Tal como em Inflamed, .O Love, Curry e Gilbert rejeitam a metáfora do sistema imunitário como um sistema de defesa capaz de destruir elementos “invasores” do nosso corpo. Sabemos hoje que o sistema imunitário se desenvolve em relações simbióticas com bactérias desde o desenvolvimento intrauterino. Em vez de “invasoras” ou capazes de provocar doença e morte, estas bactérias permanecem em nós e viabilizam e modulam processos essenciais à vida - como a digestão, a produção de hormonas, a circulação sanguínea, as sinapses nervosas - desempenhando funções críticas para a nossa saúde e longevidade. São parte das relações sem as quais não existimos e que se ampliam a todas as formas de vida não-humanas - bactérias, vírus, fungos, plantas e animais - que se materializam na diversidade, heterogeneidade e complexidade do mundo.

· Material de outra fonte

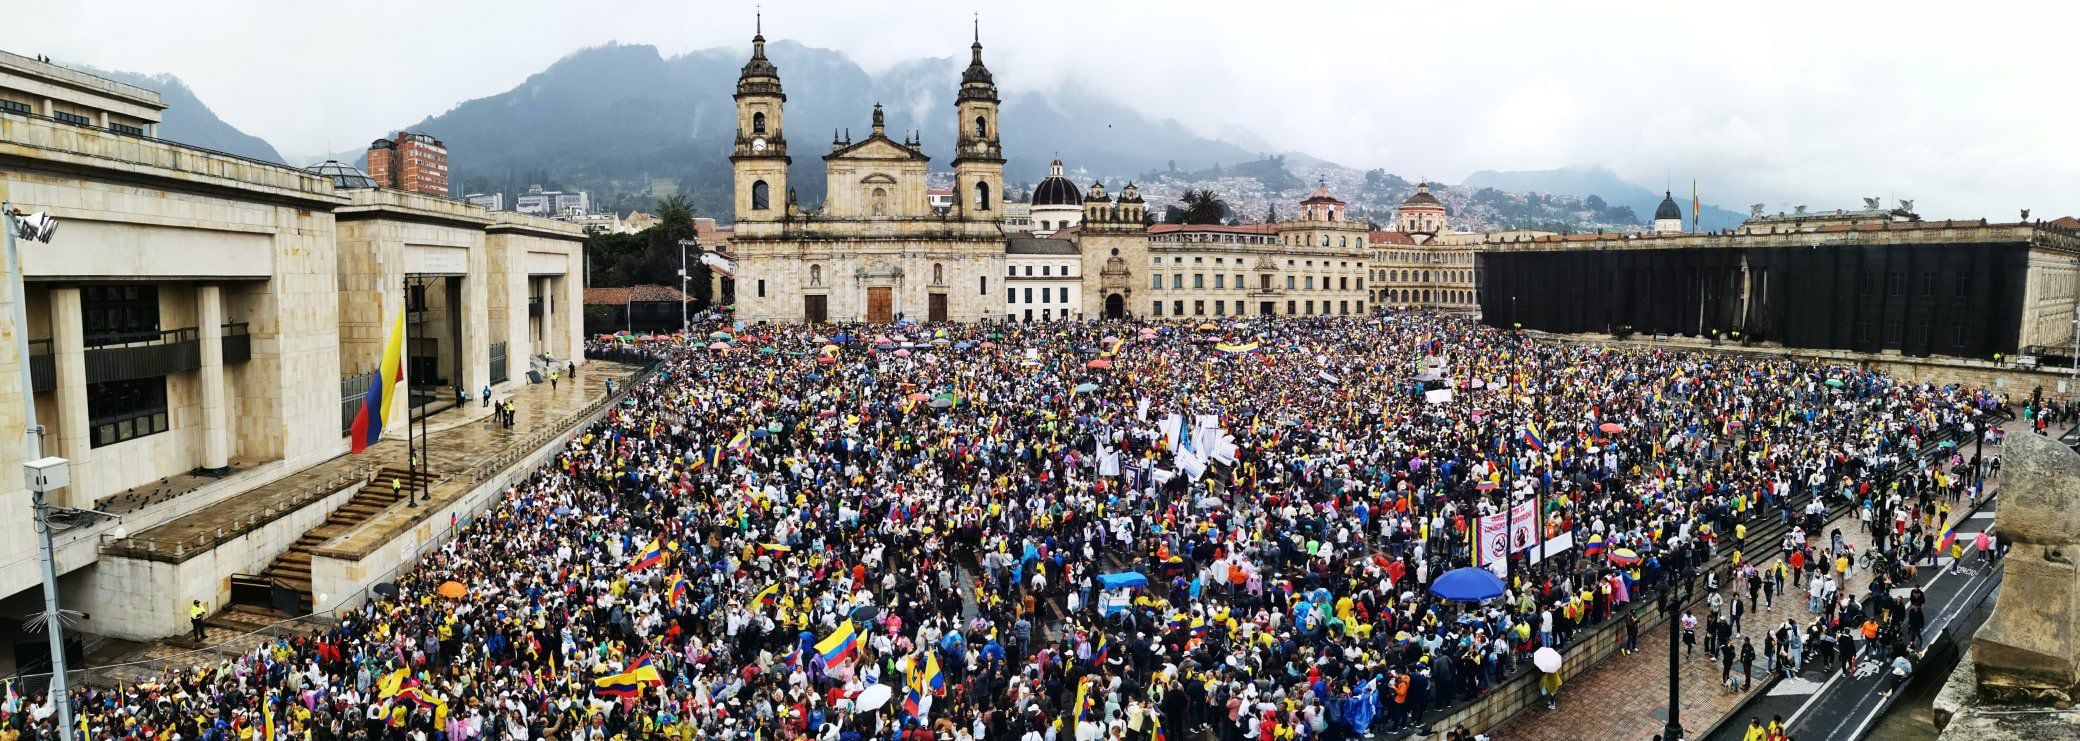 Más de 45.000 personas llenaron la Plaza de Bolívar de Bogotá, durante la jornada del 21 de abril - crédito Alcaldía de Bogotá

As histórias de cooperação e simbiose, de coexistência precisam de ser contadas porque a nossa sobrevivência não depende dos mais aptos, mas do cuidado. Narrar estas histórias exige, da nossa parte, o envolvimento na criação de espaços que não existem ainda, e que não cabem nas categorias ou classificações das ciências. Narrar as histórias das lutas por futuros não projetados pela medicina ou pelas estruturas políticas, económicas e sociais que moldam as infeções e epidemias - como nos mostram as histórias de Inflamed, e que encontramos também na nossa investigação (Ferreira, 2021b) -, é uma forma de abolição de uma monocultura e de exaltação das “ecologias do talvez”. Como diz Martin Savransky (2021: 13; tradução nossa): “As histórias fazem coisas, elas infetam as nossas vidas e práticas, elas tecem e rasgam mundos, elas moldam as formas como podem vir a ser habitados”. O livro aqui analisado mostra-nos que sem as histórias não percebemos a dimensão da experiência. As experiências de doença ou de sofrimento estão, por sua vez, relacionadas com as dimensões coletivas e da vida em comum que a medicina não consegue contemplar ou compreender, por não ter tradução nas causas somatizadas da doença ou do distúrbio. As histórias incluem os elementos que, sendo parte da experiência, são sempre mediados pela linguagem técnica e científica.
A grande força de Inflamed é a de nos mostrar que estas histórias emergem através do nosso envolvimento nas situações que possibilitam essa emergência, como mostra exemplarmente o compromisso de Rupa Marya. É neste compromisso (e risco) de nos associarmos a outras práticas da saúde e do cuidado, conscientes de que este implica também a nossa experiência e prática, que podemos ambicionar aceder à dimensão existencial das condições de vida, sofrimento, resistência e luta que as pessoas e comunidades enfrentam e que as inflamam.